Another major challenge is the lack of reliable biomarkers for monitoring Nrf2 pathway activity in vivo. Current studies rely on transcript levels of downstream enzymes such as HO-1 or NQO1, but these readouts lack temporal sensitivity and may be influenced by parallel inflammatory pathways. To implement Nrf2-directed therapies safely, future studies should identify non-invasive biomarkers (e.g., metabolomic signatures, redox-derived lipids, circulating antioxidant capacity markers) that reflect real-time pathway activation and help stratify patients who may benefit from targeted interventions.

A further obstacle concerns the heterogeneity of IBD phenotypes, which may result in differential Nrf2 responses across patients. Variants in the NFE2L2 promoter, differences in microbiota composition, and variability in epithelial redox status may all influence responsiveness to Nrf2-activating drugs. Precision-medicine approaches integrating genetic stratification, microbiome profiling, and redox phenotyping will be essential to determine which patient subgroups derive the greatest benefit.

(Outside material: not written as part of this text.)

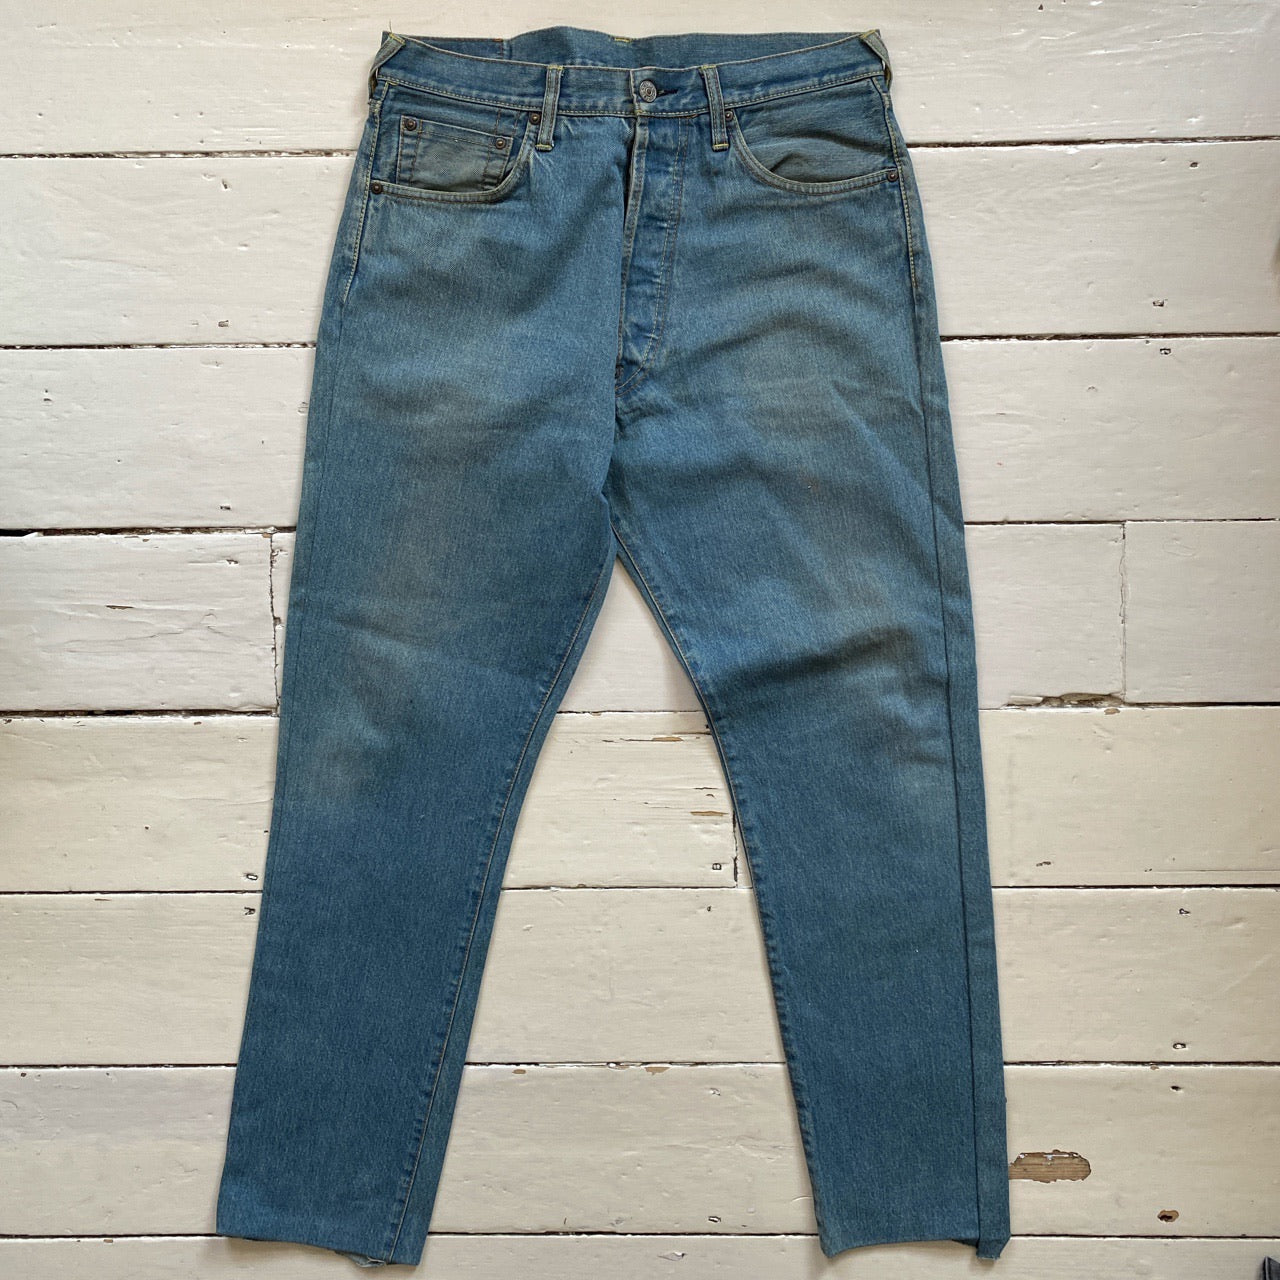 Evisu Coloured Pocket Jeans Light Blue Only (32/31)

Additionally, while numerous phytochemicals and probiotics show Nrf2-activating properties, their bioavailability, metabolic stability, and tissue-specific targeting remain inconsistently characterized. The development of optimized formulations—such as nanoencapsulation, targeted delivery systems, or engineered probiotic strains—could enhance mucosal uptake and reduce systemic off-target effects. Similarly, selective Keap1 inhibitors and next-generation small molecules should be evaluated in long-term models to assess potential safety concerns, particularly regarding tumorigenesis.

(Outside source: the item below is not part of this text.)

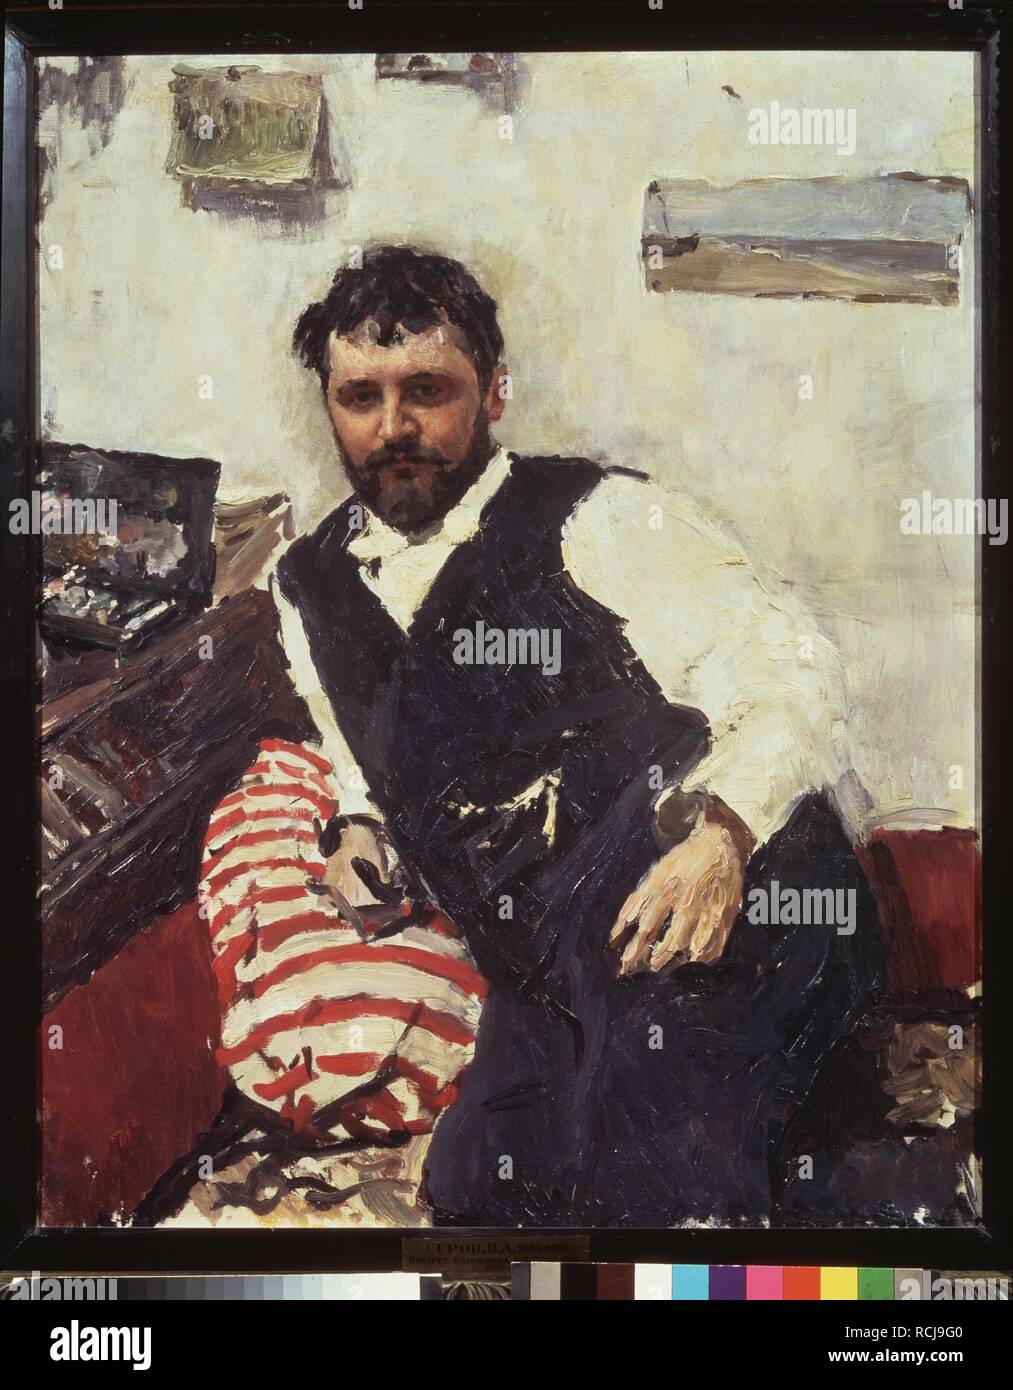 Ritratto dell'artista Konstantin Korovin (1861-1939). Museo: Membro Galleria Tretyakov di Mosca. Autore: Serov, Valentin Alexandrovich. Foto Stock

Finally, further work is needed to clarify how Nrf2 interacts with other redox-sensitive pathways, including NF-κB, STAT3, ferroptosis regulators, and mitochondrial quality-control mechanisms. Understanding these interactions may allow design of rational combination therapies, where Nrf2 activation is paired with immunomodulators, microbiota-directed therapies, or anti-fibrotic agents. Longitudinal human studies integrating multi-omics, functional imaging, and organoid systems will be instrumental in defining how the Nrf2 network evolves across disease stages and treatment responses.

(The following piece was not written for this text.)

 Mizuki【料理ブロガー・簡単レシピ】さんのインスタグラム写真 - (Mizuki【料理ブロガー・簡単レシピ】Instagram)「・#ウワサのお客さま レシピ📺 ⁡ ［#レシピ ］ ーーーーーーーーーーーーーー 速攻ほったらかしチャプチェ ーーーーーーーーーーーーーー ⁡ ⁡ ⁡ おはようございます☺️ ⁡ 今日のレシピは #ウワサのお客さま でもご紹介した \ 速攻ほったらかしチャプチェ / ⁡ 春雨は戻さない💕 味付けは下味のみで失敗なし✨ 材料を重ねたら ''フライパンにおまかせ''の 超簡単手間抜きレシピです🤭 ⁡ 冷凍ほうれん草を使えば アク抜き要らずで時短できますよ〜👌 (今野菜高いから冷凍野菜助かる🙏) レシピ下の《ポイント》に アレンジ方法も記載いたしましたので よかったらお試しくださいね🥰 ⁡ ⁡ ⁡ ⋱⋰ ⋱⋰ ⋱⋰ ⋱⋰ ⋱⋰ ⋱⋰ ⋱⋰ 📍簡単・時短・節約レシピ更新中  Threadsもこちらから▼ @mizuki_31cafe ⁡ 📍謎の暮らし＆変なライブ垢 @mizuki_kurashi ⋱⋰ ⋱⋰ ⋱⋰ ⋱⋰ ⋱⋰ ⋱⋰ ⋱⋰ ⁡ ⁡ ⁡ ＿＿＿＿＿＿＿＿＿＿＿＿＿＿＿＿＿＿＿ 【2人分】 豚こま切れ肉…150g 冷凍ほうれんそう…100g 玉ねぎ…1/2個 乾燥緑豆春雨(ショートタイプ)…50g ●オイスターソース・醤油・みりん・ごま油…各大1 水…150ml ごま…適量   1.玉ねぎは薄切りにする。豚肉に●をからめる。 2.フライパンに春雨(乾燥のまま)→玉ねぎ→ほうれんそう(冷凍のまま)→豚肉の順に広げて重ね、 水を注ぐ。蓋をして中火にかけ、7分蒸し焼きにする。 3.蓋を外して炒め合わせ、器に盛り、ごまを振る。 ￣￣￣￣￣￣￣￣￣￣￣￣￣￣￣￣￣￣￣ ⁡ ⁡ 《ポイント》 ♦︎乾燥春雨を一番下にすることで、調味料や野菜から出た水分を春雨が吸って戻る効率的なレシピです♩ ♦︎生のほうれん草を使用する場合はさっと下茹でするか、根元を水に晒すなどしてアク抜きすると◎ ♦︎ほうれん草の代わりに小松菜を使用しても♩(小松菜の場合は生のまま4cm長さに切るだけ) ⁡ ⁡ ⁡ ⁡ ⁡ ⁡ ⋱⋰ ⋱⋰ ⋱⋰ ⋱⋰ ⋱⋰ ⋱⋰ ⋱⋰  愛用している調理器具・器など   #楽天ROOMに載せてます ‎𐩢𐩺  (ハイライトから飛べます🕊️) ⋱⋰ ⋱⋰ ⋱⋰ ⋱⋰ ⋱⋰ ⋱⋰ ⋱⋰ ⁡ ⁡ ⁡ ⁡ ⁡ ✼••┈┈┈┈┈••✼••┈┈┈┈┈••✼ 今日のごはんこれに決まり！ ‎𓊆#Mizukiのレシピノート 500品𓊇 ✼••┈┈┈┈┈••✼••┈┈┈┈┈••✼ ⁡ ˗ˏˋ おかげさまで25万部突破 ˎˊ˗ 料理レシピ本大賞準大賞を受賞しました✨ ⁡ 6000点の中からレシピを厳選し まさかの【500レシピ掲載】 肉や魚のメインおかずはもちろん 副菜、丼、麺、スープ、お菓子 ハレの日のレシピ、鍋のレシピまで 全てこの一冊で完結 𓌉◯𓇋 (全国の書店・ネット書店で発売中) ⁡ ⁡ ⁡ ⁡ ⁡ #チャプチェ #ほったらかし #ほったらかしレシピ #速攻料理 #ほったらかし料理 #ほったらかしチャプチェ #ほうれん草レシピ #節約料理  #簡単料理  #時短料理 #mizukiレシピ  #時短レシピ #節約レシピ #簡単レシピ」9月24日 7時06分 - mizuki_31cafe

Together, these lines of inquiry point to an urgent need for biomarker-guided, context-specific, and precision-engineered approaches to safely leverage Nrf2 signaling as a therapeutic axis in IBD.

12. Conclusions

The Nrf2/Keap1 signaling pathway plays a multifaceted and dynamic role in the pathophysiology of inflammatory bowel disease. As a master regulator of antioxidant defense, Nrf2 not only neutralizes reactive oxygen species and limits oxidative injury but also orchestrates immune responses, reinforces the epithelial barrier, and shapes the intestinal microbiome. Its protective functions are context-dependent—conferring cytoprotection in early disease stages, yet potentially promoting tumorigenesis and fibrosis under conditions of sustained or dysregulated activation. Preclinical and clinical data underscore the translational potential of targeted Nrf2 modulation, whether through pharmacological activators, repurposed drugs, or dietary and probiotic interventions. However, fine-tuning the intensity and timing of Nrf2 activation remains essential to avoid adverse effects and achieve therapeutic precision. Future research should focus on biomarker-guided patient stratification and the development of Nrf2-based combinatorial therapies that complement existing immunomodulatory approaches in IBD.